- Born: Shivkumar Madhukar Limaye
- Occupation: Cinematography
- Spouse: Shama Limaye

= Mahesh Limaye =

Indian cinematographer

Mahesh Limaye is an Indian cinematographer - director known for his work in Hindi and Marathi cinema. He is known for his collaborations with Madhur Bhandarkar, Salman Khan, and Pravin Tarde.

== Early life and education ==
Mahesh was born in Dombivli, Maharashtra. From his young days he always had an inclination towards arts. He graduated from Sir J J School of Art with a degree in commercial arts, with specialization in photography. His love for music videos made him take keen interest in cinematography.

== Career ==
Following graduation, Mahesh assisted Raja Sayed, a well known cinematographer. He also had the opportunity to assist several foreign cinematographers in their advertisement projects.

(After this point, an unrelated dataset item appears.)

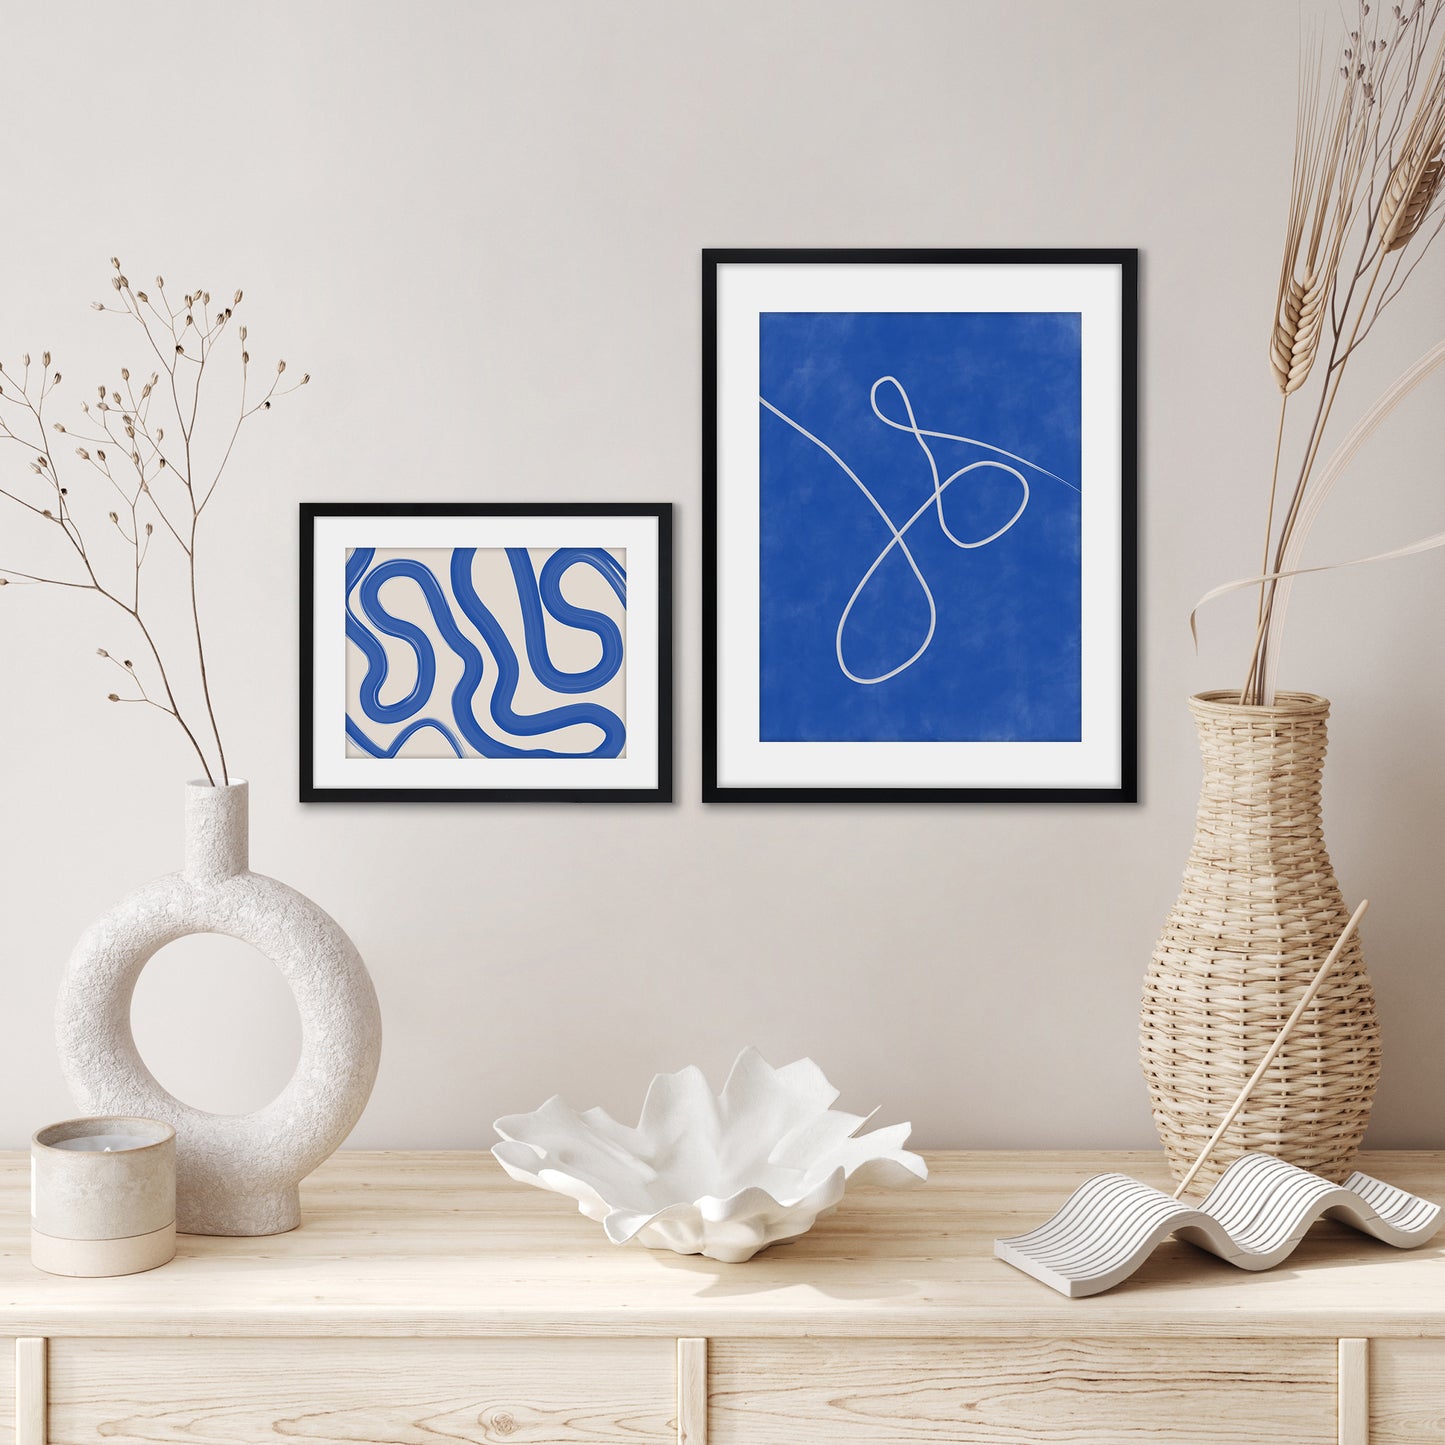 Americanflat Colbalt Blue Continuous Line Drawing by The Print Republic - 2 Piece Set

Mahesh shot his first film as an independent cinematographer with director Marlon Rodrigues in 2005 named CU at 9. Bipin Nadkarni, an advertisement director chose Mahesh to shoot his directorial debut Uttarayan. He shot Bipin's second film Aevdhese Aabhal as well. He had a long partnership with Madhur Bhandarkar with films like Traffic Signal, Corporate, Fashion and Heroine. He shot 3 films for Ravi Jadhav namely Natarang, Balgandharva and Balak Palak. Mahesh rose to fame when he shot Dabaang with Salman Khan. Mahesh shot some portions of Dabangg 2 and collaborated with Prabhudeva for Dabaangg 3. Mahesh shot Marathi features like Rege, Family Katta, Mulshi Pattern. He collaborated with Punit Malhotra for Gori Tere Pyaar Mein produced by Dharma Productions. Other films that he has shot include Freaky Ali, Happy Ending, Bhikari, Shentimental.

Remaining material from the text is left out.